If the debt collector does make such contacts, they are required to provide their name and must state that they are confirming or correcting information about the debtor’s location. The debt collector may not identify the collection agency, nor reveal that the debtor owes any amount of money.
Additionally, the debt collector may not contact any third party more than once, unless the collector believes that the information obtained from the first contact was wrong or incomplete. They would also need to believe that the third party has new and better information that justifies more contact. Alternatively, the debt collector may contact a third party if the third party specifically requests additional contact.
What Are Miranda Rights? What Are Mini Miranda Rights?
Miranda rights are the result of Miranda v. Arizona, which states that when you are in police custody and an officer wishes to interrogate you, the officer is required by the 5th Amendment of the Constitution to read you your rights. This is also known as a Miranda warning. The warning generally includes:
- The right to remain silent;
- Anything you say can be used against you in court;
- The right to consult with an attorney;
- The right to be appointed an attorney if you cannot afford one; and
- The right to cease answering questions at any time and request an attorney.
The mini Miranda warning is a statement that debt collectors are required to use when initiating contact with a debtor for the first time. This is required by the Fair Debt Collection Practices Act. This mini Miranda warning requires that the debt collector state that:
- They are a debt collector;
- They are attempting to collect a debt; and
- Anything you say and any information you give them will be used for that purpose.

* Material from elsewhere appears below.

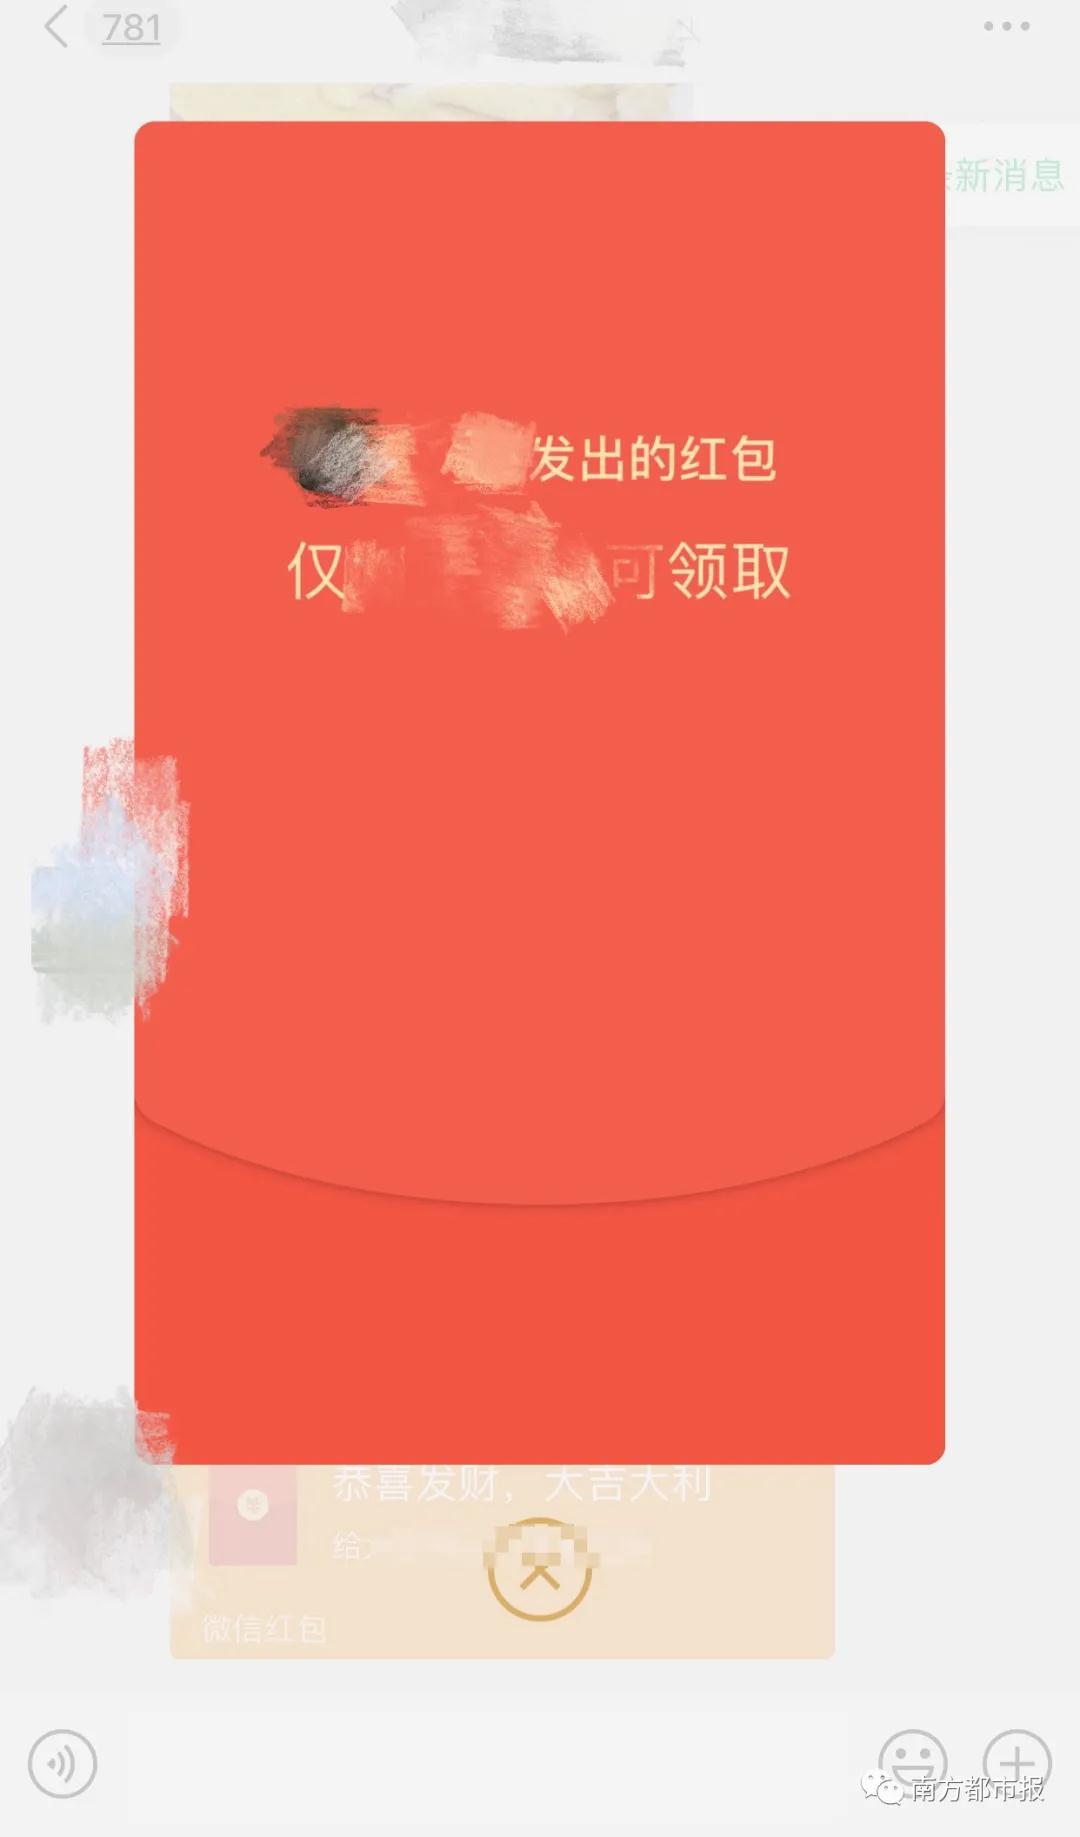 微信图片_20210210085650.jpg

To reiterate, the debt collector is required to begin the initial contact with this mini Miranda warning, whether that contact is by phone or mail.
Mini Miranda warnings are not officially labeled as such in the Fair Debt Collection Practices Act. However, many relevant parties began referring to the debt collector warnings as mini-Miranda warnings because they are similar to the warnings that are required by Miranda v. Arizona. Just as a police officer must warn a suspect of their rights before beginning interrogations, a debt collector must warn a debtor of their rights under the Fair Debt Collection Practices Act.

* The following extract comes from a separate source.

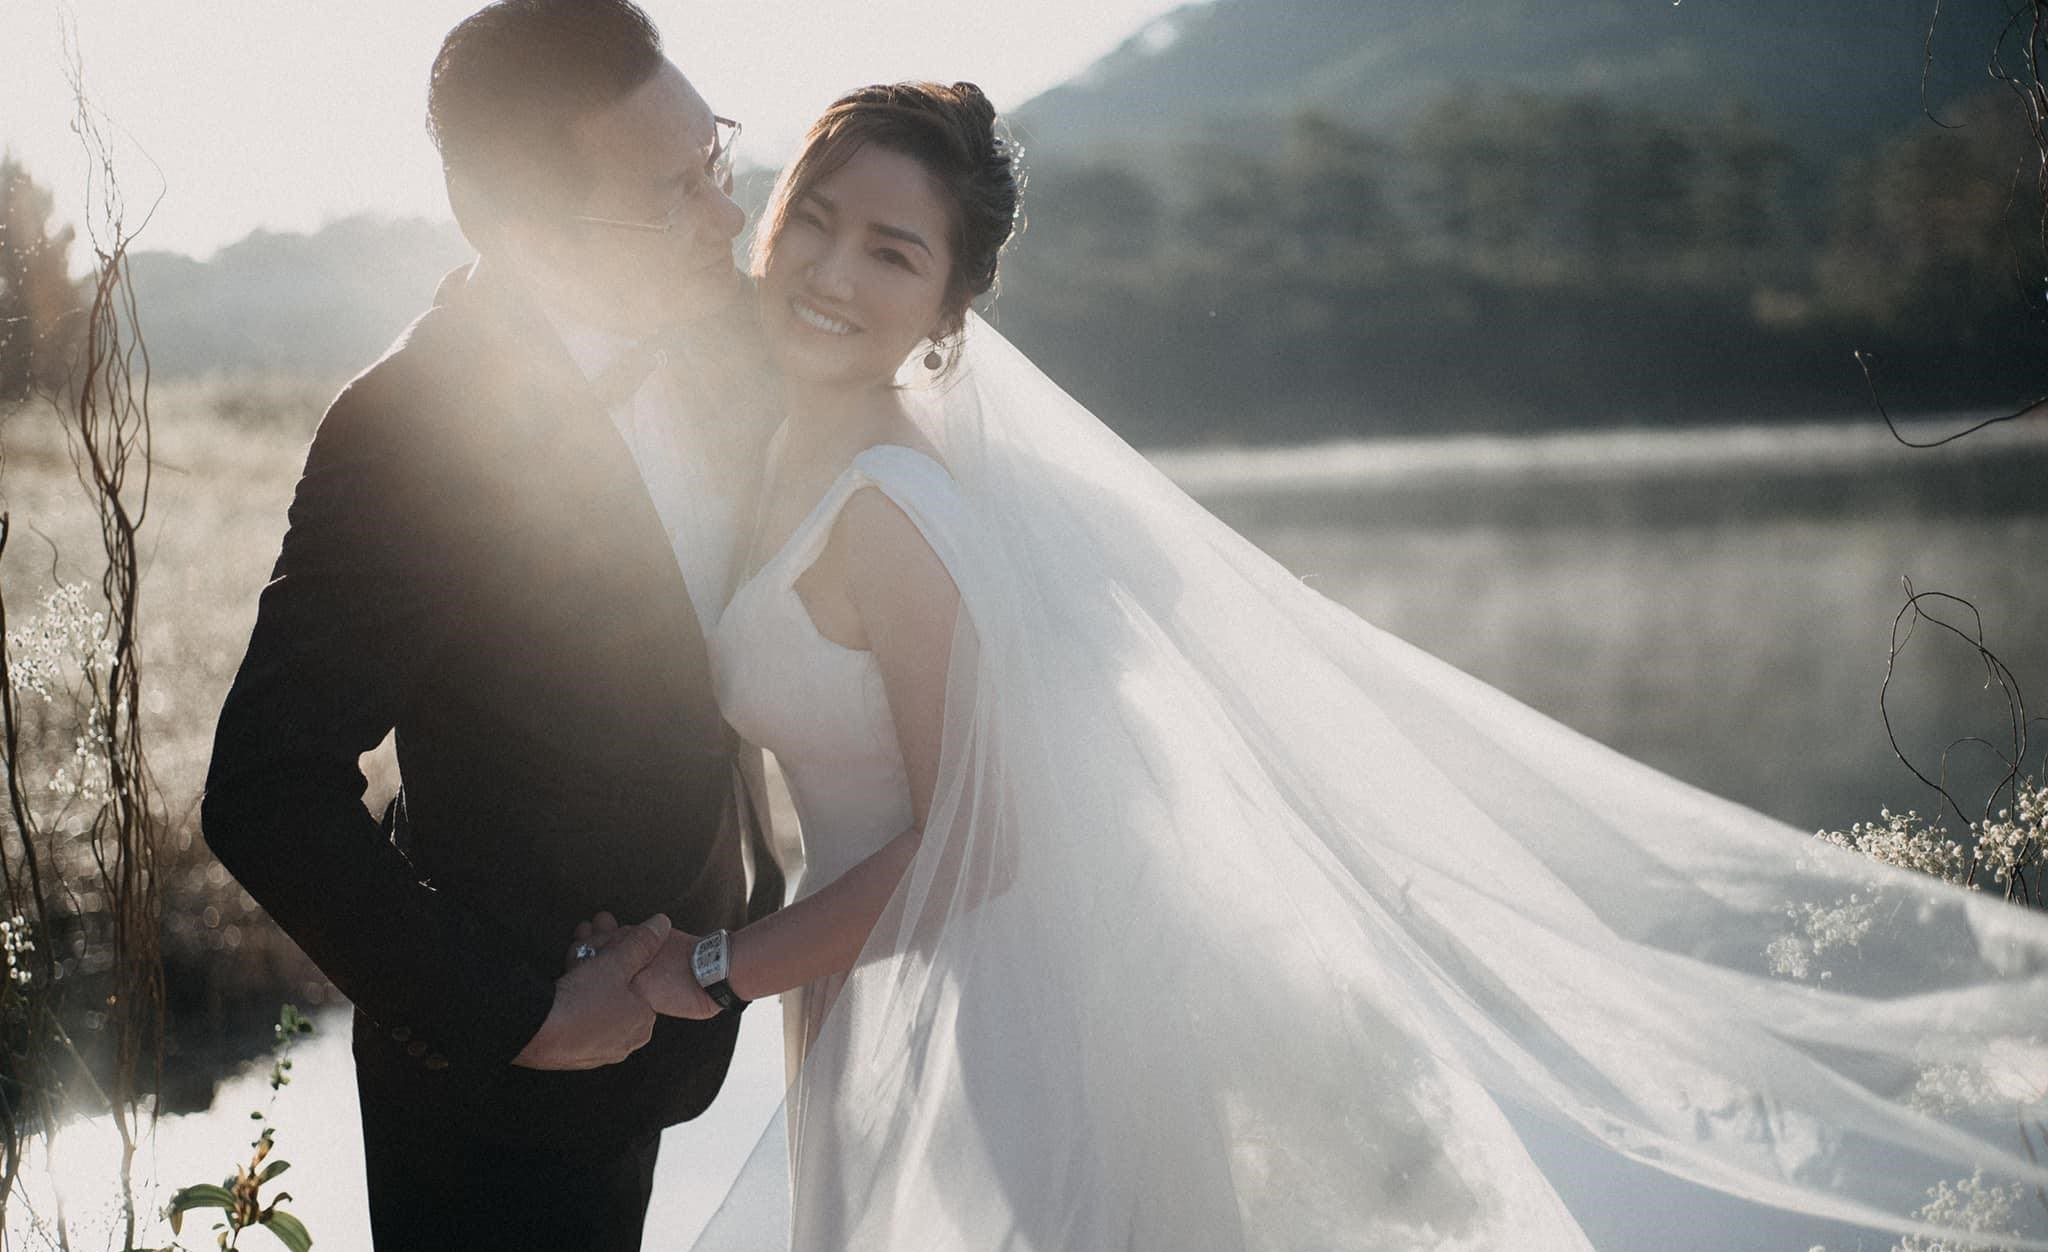 vợ chồng,tình yêu,ảnh cưới,bộ ảnh đẹp

What Happens When A Debt Collector Violates The Fair Debt Collection Practices Act? Are Mini Miranda Warnings Still Required If The Debtor Is In Bankruptcy?
Failing to begin the initial contact with a mini Miranda warning is an automatic violation of the Fair Debt Collection Practices Act, and each violation could result in the debt collector being fined $1,000. If the debt collector sues the debtor in court for past-due debt, the debtor can counter-claim with each violation of the Act. Additionally, the debtor may lodge a formal complaint with the Federal Trade Commission regarding the violation.
When a debtor is in bankruptcy, the debtor receives an automatic stay which is a court order requiring creditors to cease all collection efforts against the debtor. However, creditors can still file bankruptcy claims with both the bankruptcy court and the debtor.
Whether creditors have to provide a mini Miranda warning when the debtor is in bankruptcy is still up for debate. The 2nd and 9th Circuit Courts have ruled that the Fair Debt Collection Practices Act and its mini Miranda Rulings do not apply if the debtor is in bankruptcy. However, the 3rd and 7th Circuits have ruled that the Fair Debt Collection Practices Act is still enforceable, even when the debtor is in bankruptcy.
Do I Need An Attorney For Issues With Mini Miranda Laws?
If you are experiencing issues associated with mini Miranda rights and/or debt collections, you should consult with an area bankruptcy attorney. An experienced and local lawyer can inform you of your rights and legal options according to your state’s specific laws regarding the matter, and can communicate with debt collectors on your behalf. Additionally, an attorney will also be able to represent you in court, as needed.